Lificiguat (YC-1) [3-(5'-hydroxymethyl-2'-furyl)-1-benzylindazole], a chemically synthetic benzylindazole compound, is a direct soluble guanylate cyclase activator. It possessed antiplatelet activity. YC-1 inhibits Hypoxia-inducible factor-1 (HIF-1). YC-1 demonstrated antineoplastic potential both in vitro and in vivo in animal models.

LAROTAXEL is a taxoid with potential antineoplastic activity. It prevents microtubule depolymerization, thereby inhibiting cell proliferation. It displays a broad spectrum of antitumor activity in vitro and in vivo, including activity against P-glycoprotein expressing tumors. LAROTAXEL was in phase III clinical trials for the treatment of breast cancer, pancreatic cancer, and bladder cancer. However, its development was discontinued.
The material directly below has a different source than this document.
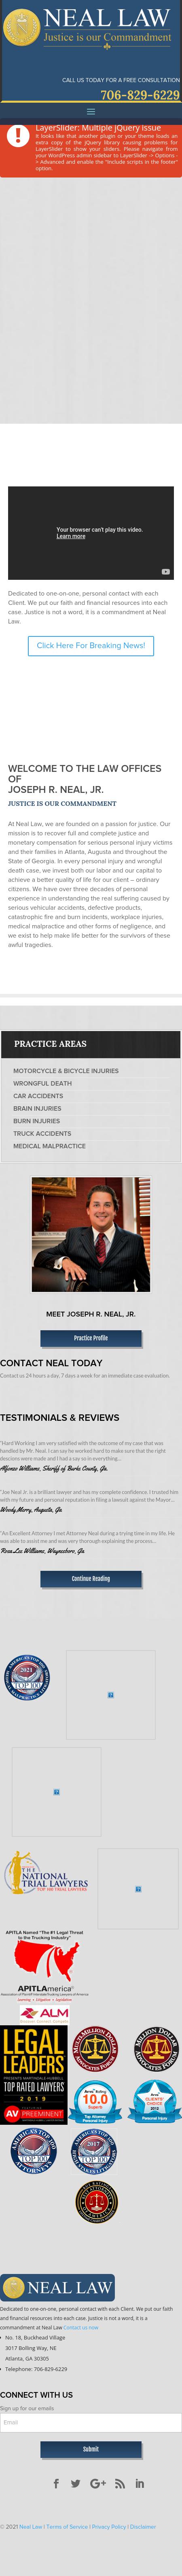 Neal Law - Atlanta GA Lawyers

SITOGLUSIDE (Daucosterol) inhibits cancer cell proliferation by inducing autophagy through reactive oxygen species-dependent manner. It also perturbs cell cycle and induces apoptotic cell death in A549 cells. Daucosterol has being shown to promote the proliferation of neural stem cells. Daucosterol also protects neurons against oxygen-glucose deprivation/reperfusion-mediated injury by activating IGF1 signaling pathway. Daucosterol could be potentially developed as a medicine for ischemic stroke treatment.

Belarizine was studied as a cerebral vasodilator.
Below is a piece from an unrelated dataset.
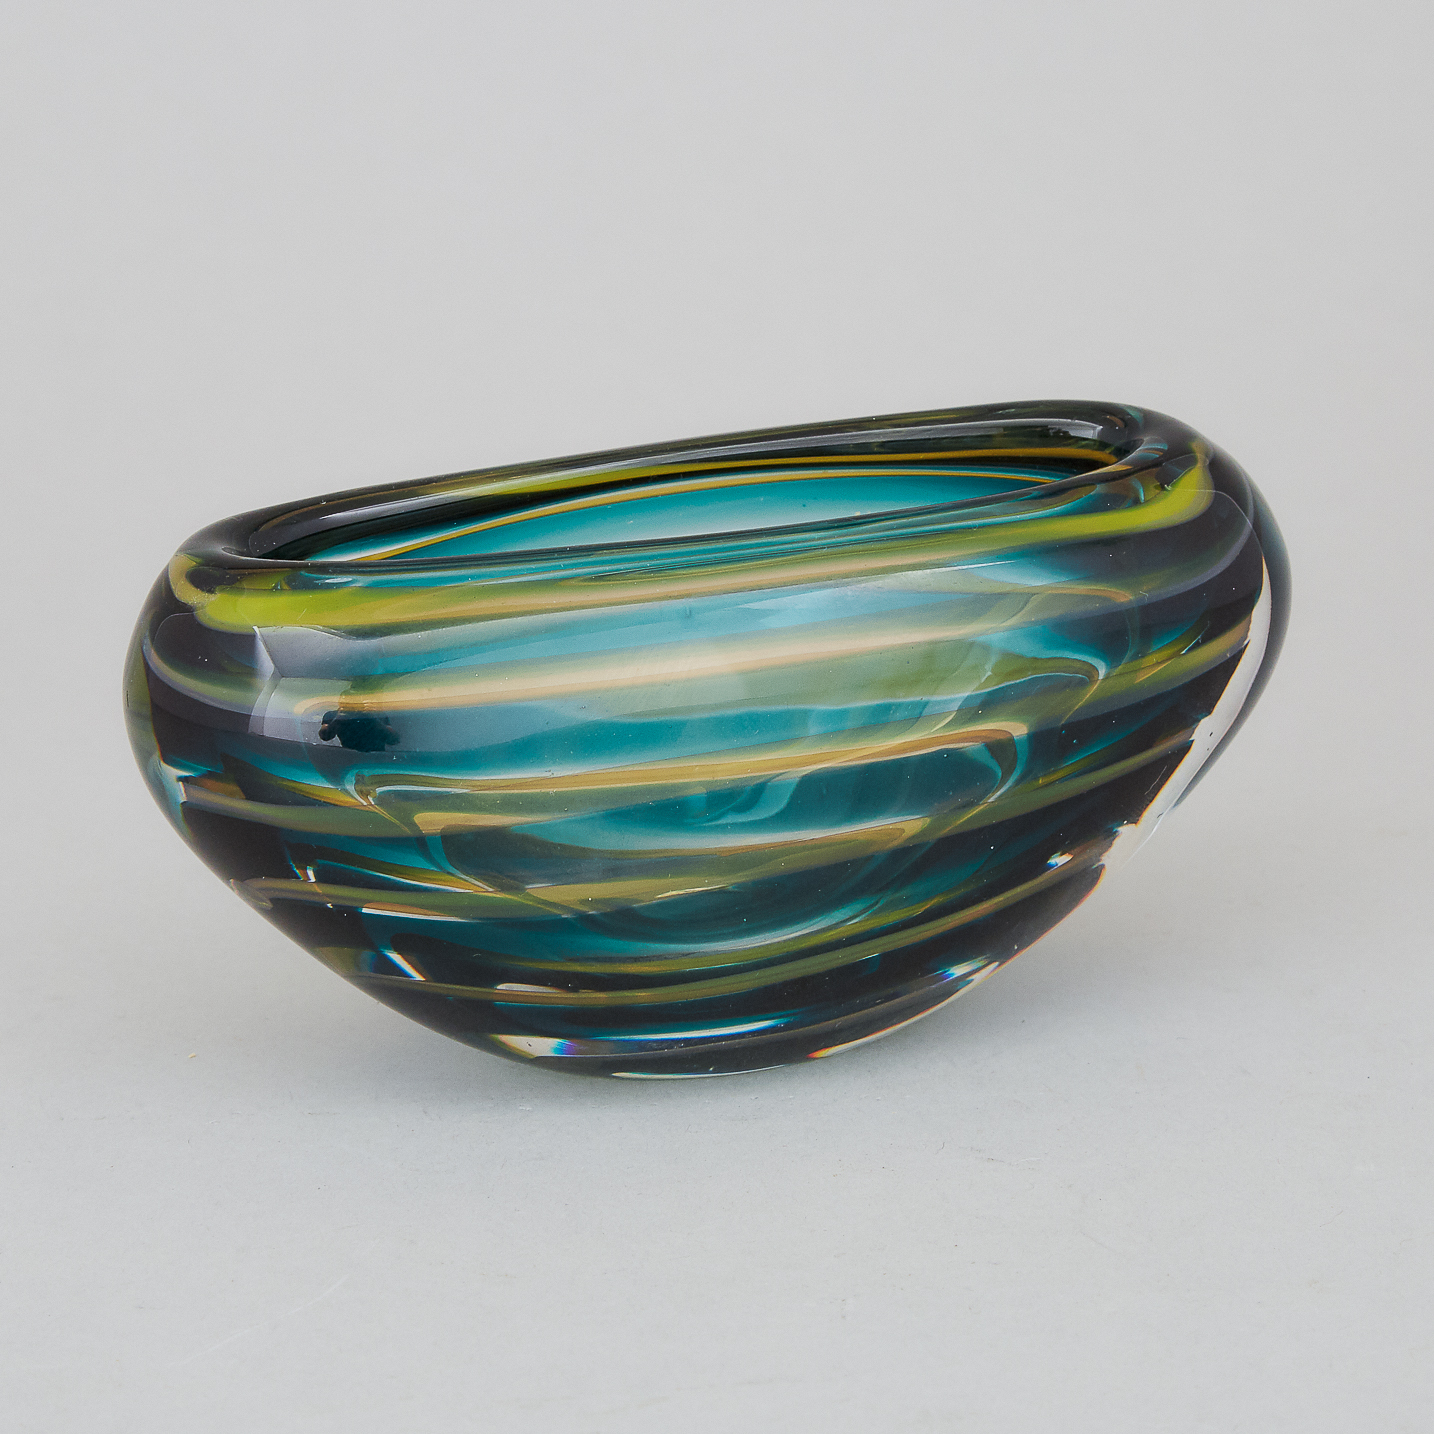 Leerdam ‘Unica’ Glass Small Vase, Floris Meydam, mid-20th century

Ataciguat is a novel anthranilic acid derivative that belongs to a new structural class of sGC activators which are capable of activating the oxidized form of sGC. Ataciguat, a nitric oxide-independent soluble guanylate cyclase activator, is being developed by Sanofi (previously sanofi-aventis), in collaboration with Mayo Clinic and National Center for Advancing Translational Sciences. Ataciguat is in phase II clinical trials for the treatment of aortic valve stenosis. It had been used to treat neuropathic pain and peripheral arterial disease, but this research has been discontinued.
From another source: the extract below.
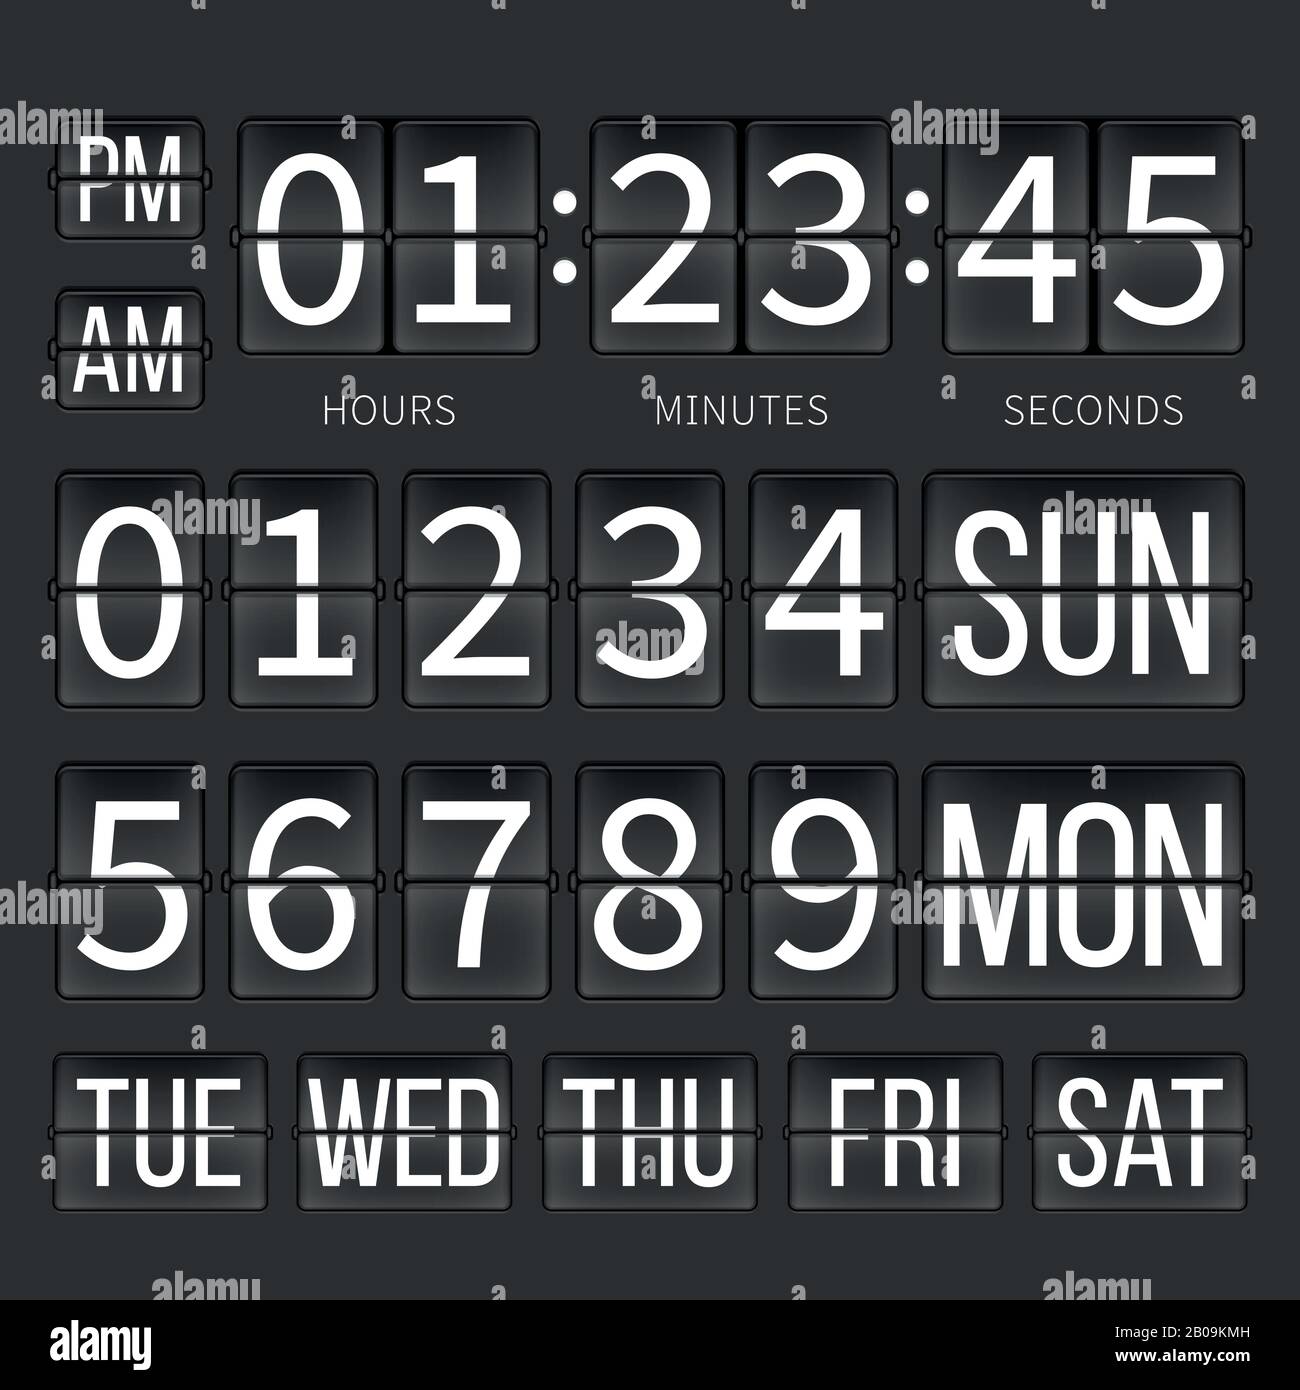 Airport Timer Counter Digital Clock Flip Calendar Mechanical Counter Time Board Illustration Of Airport Clock Stock Vector Image Art Alamy

Phenserine, a derivative of physostigmine, was first described as an inhibitor of acetylcholinesterase (AChE) and was shown to improve cognition in various experimental paradigms in rodents and dogs. It was clinically tested for Alzheimer's disease, with moderate success in initial Phase II studies. Phenserine is also unique because of differing actions of its enantiomers: (-)-phenserine is the active enantiomer for inhibition of AChE, whereas ( )-phenserine (Posiphen®) has weak activity as an AChE inhibitor and can be dosed much higher. Posiphen® is a small, hydrophobic, orally available molecule that enters the brain readily. It is the only drug ever described that inhibits more than one neurotoxic aggregating protein. Posiphen® inhibits synthesis of amyloid precursor protein (APP), tau and α-Synuclein. mRNA translation of neurotoxic aggregating proteins is up-regulated by iron (Fe) and down-regulated by iron regulatory protein-1 (IRP1). Posiphen® interferes with this second step of the common cascade of the aggregating proteins. It enhances the binding and/or activity of IRP1 to the iron response element (IRE) stem loop in the 5’UTR of the mRNAs of neurotoxic aggregating proteins, therefore specifically lowering their synthesis. By potentiating the IRE/IRP1 complex, Posiphen® lowers the level of free mRNA to be translated by the ribosome. Posiphen® is in development for the treatment neurodegenerative diseases.